Assignment:
Copy out the whole listing exactly as given. Skip the pictures.

Dataset section:
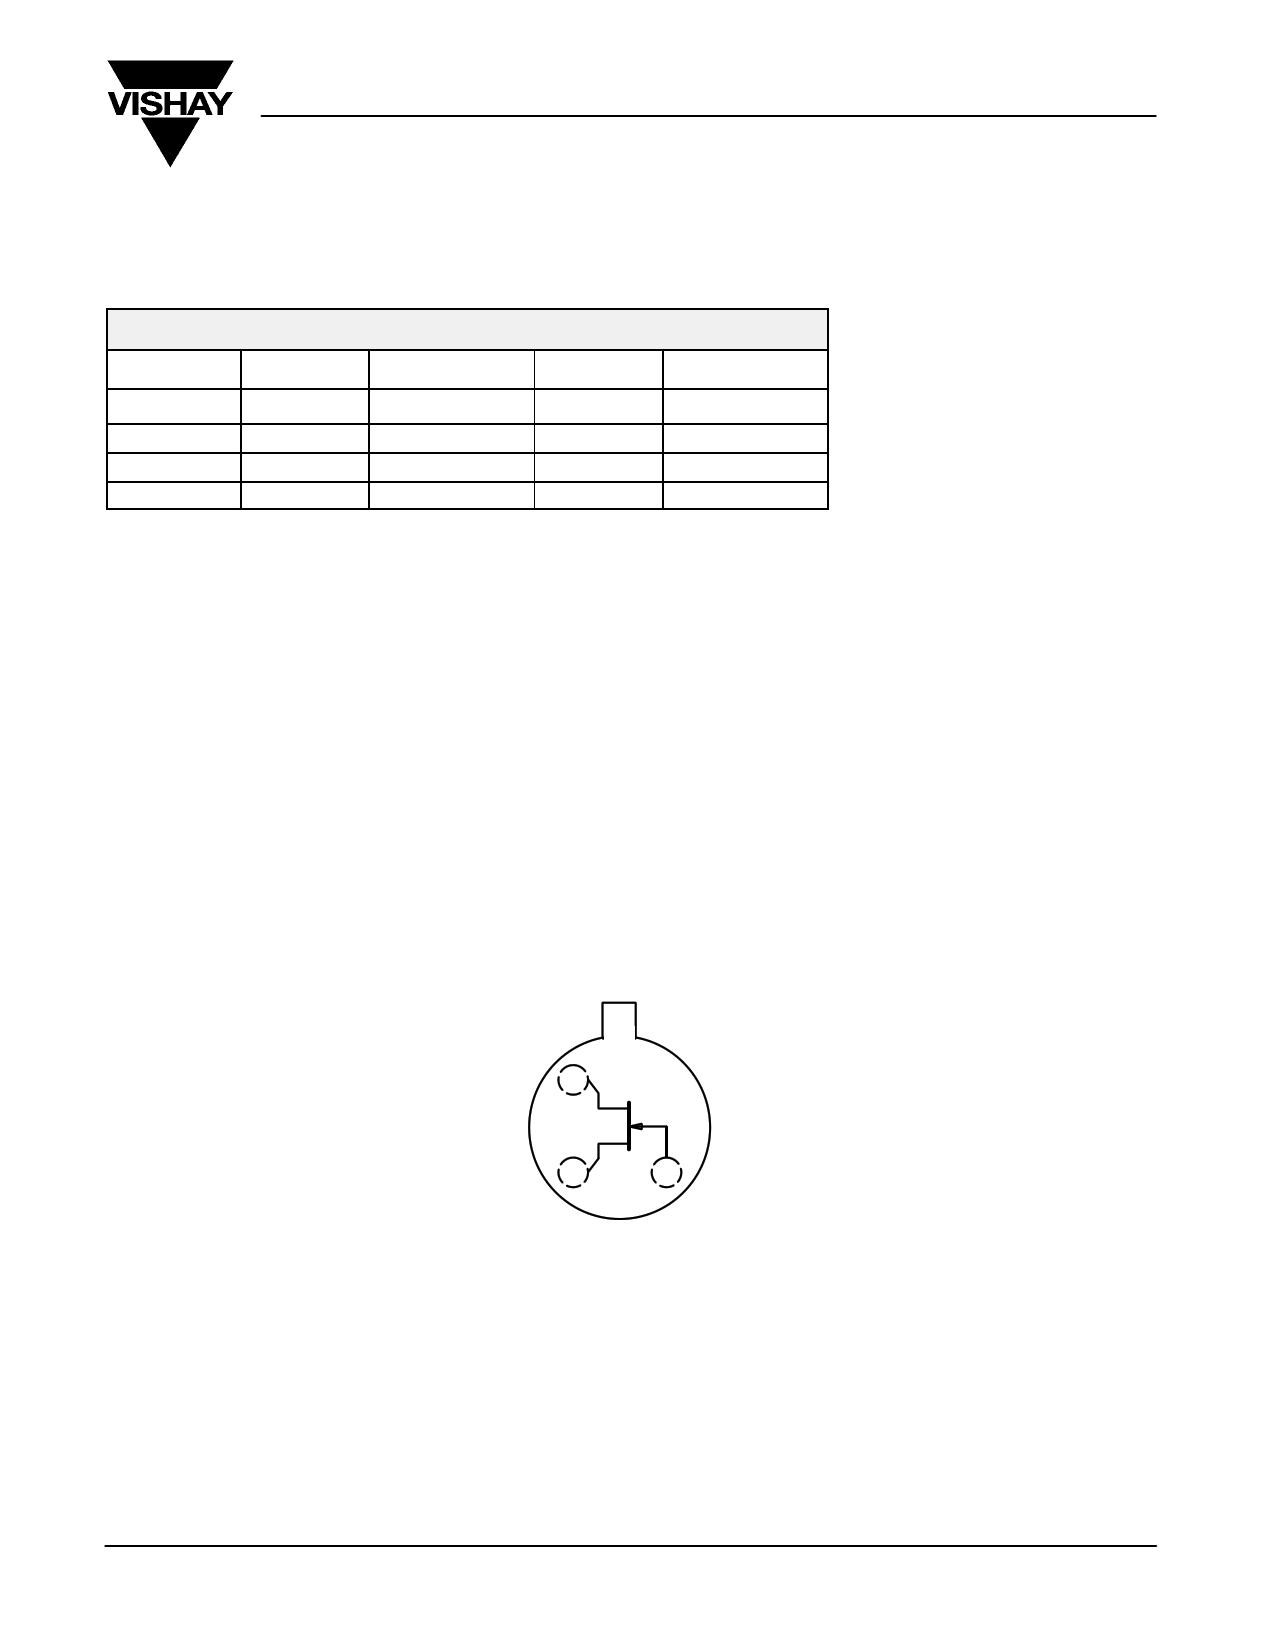 2N4340 Datasheet, 2N4340 PDF,ピン配置, 機能
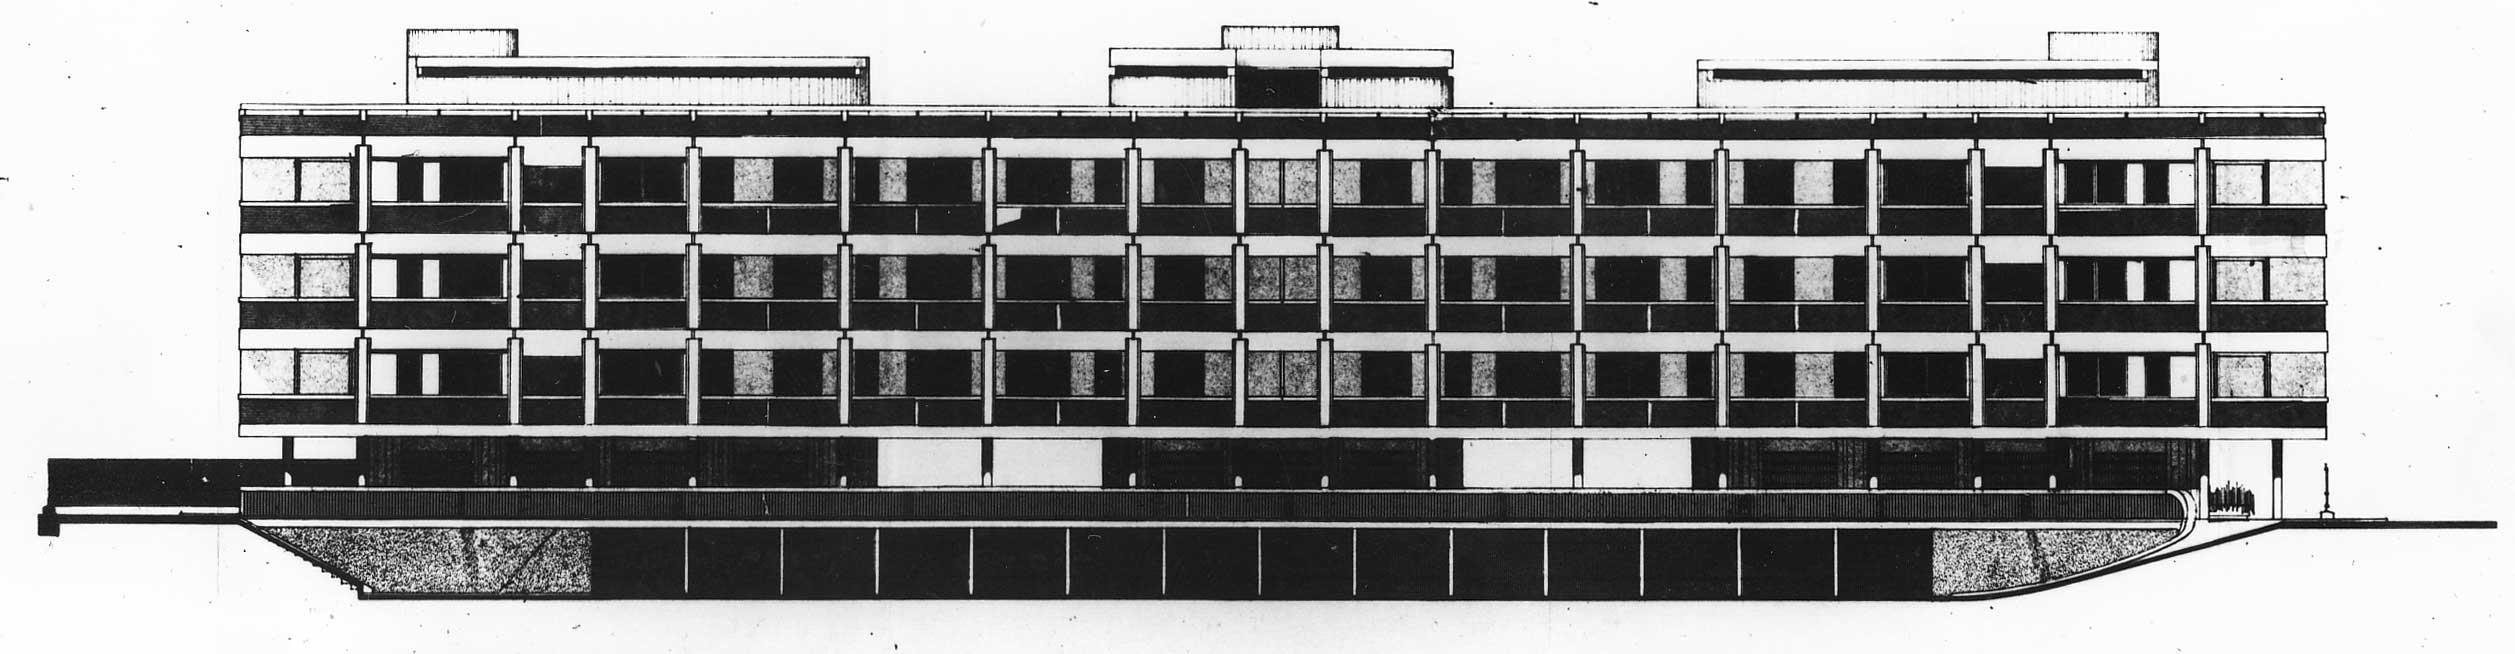 6 - 54 alloggi a Roma - Spinaceto, II programma GESCAL - IACP Roma; capogruppo - Prospetto
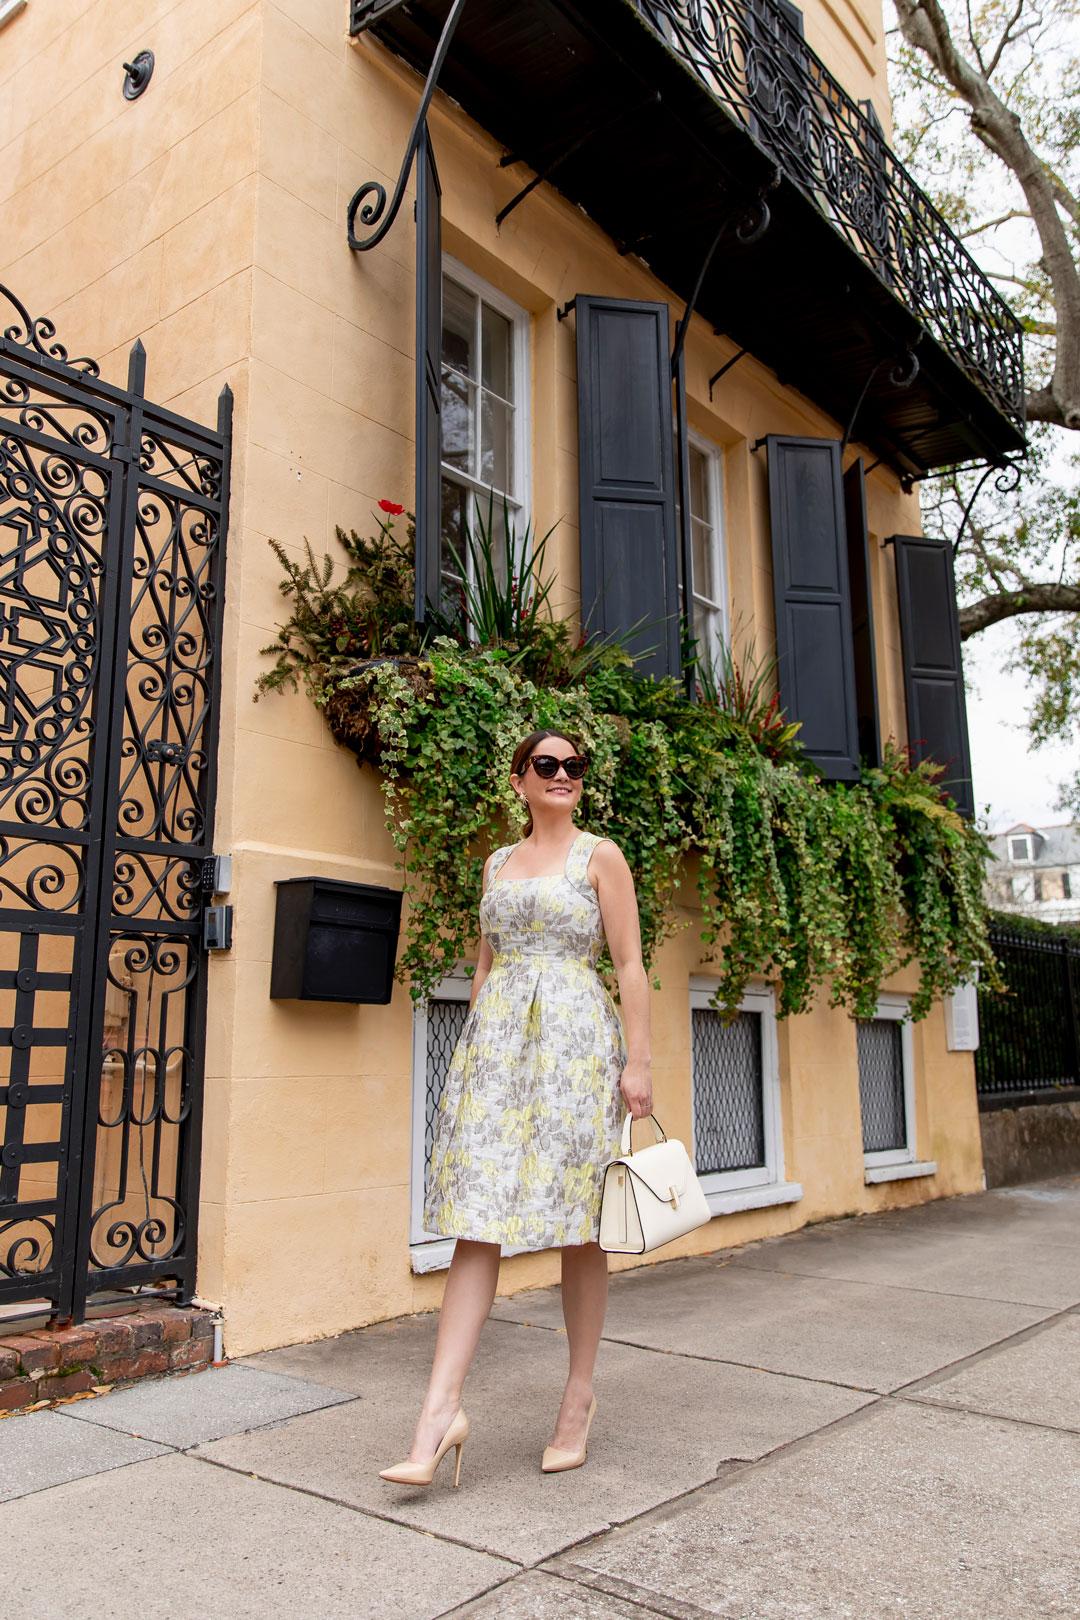 Charleston Yellow Home
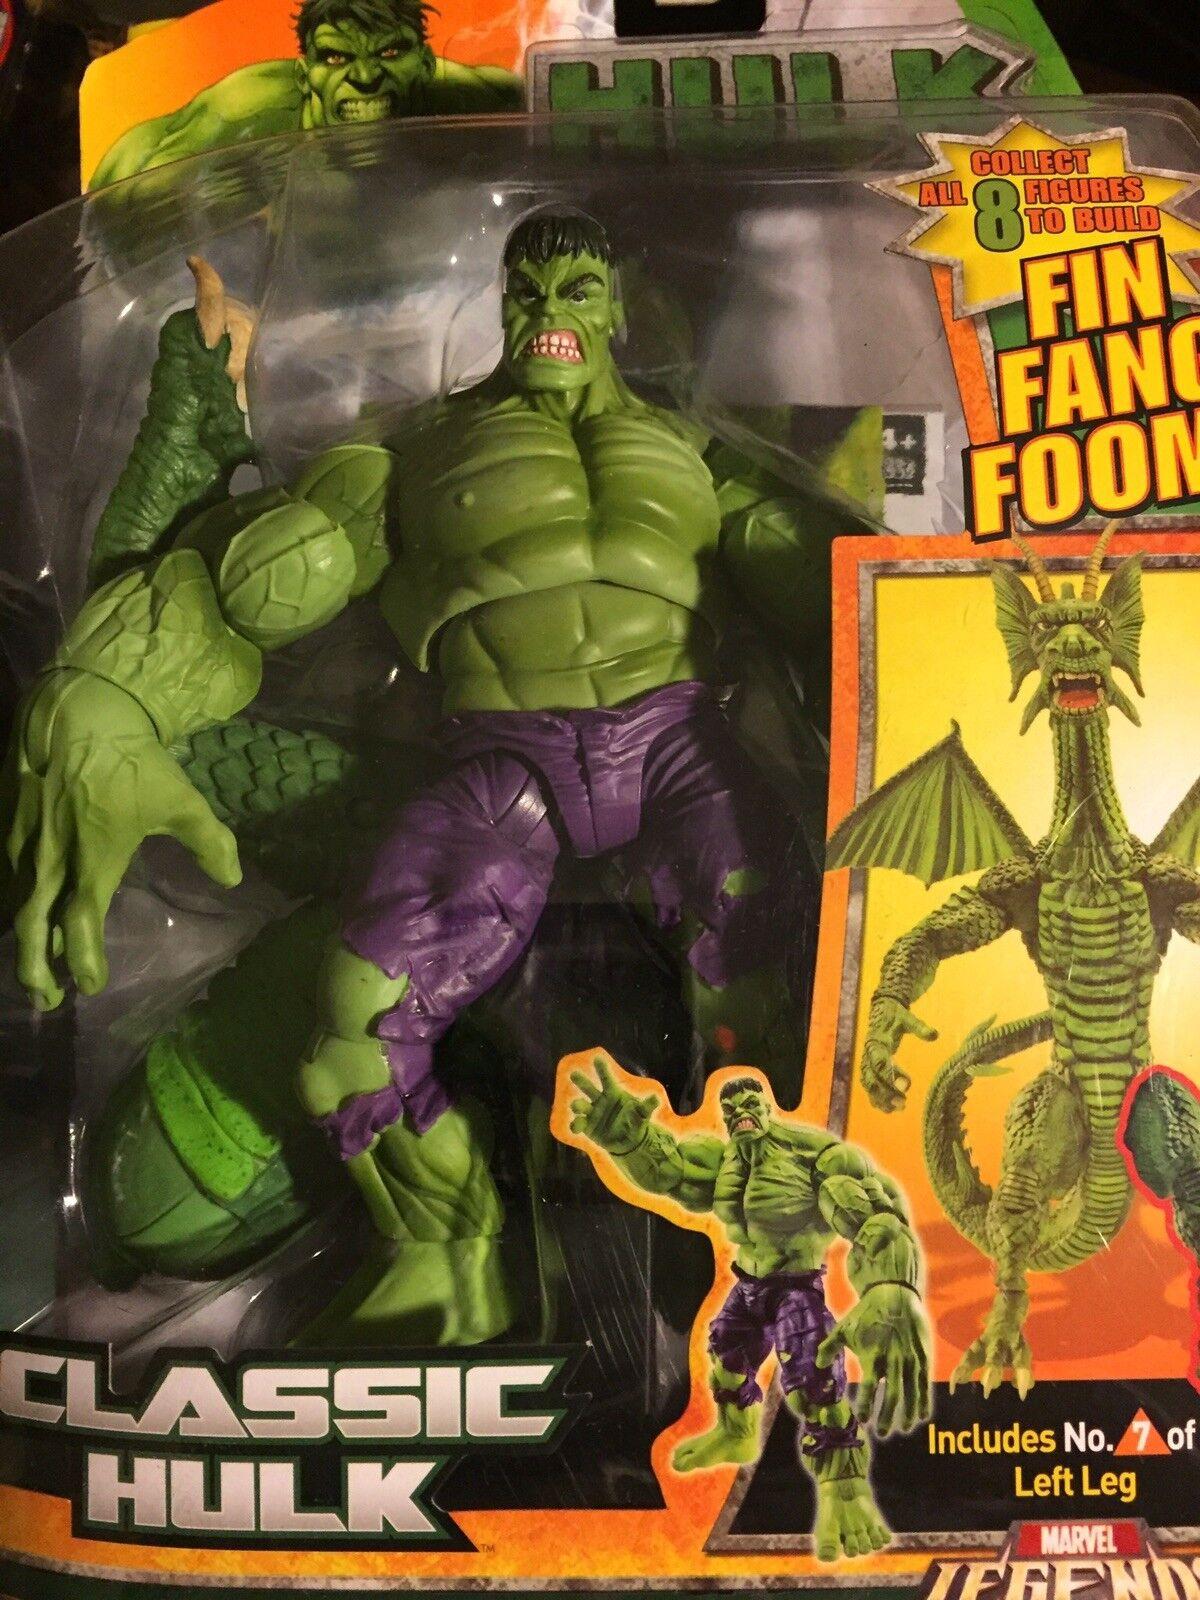 Marvel - legenden - klassiker hulk - fin fang foom baf hulk - serie versiegelt abbildung

Written solution:
 2N4340 Datasheet, 2N4340 PDF,ピン配置, 機能
 6 - 54 alloggi a Roma - Spinaceto, II programma GESCAL - IACP Roma; capogruppo - Prospetto
 Charleston Yellow Home
 Marvel - legenden - klassiker hulk - fin fang foom baf hulk - serie versiegelt abbildung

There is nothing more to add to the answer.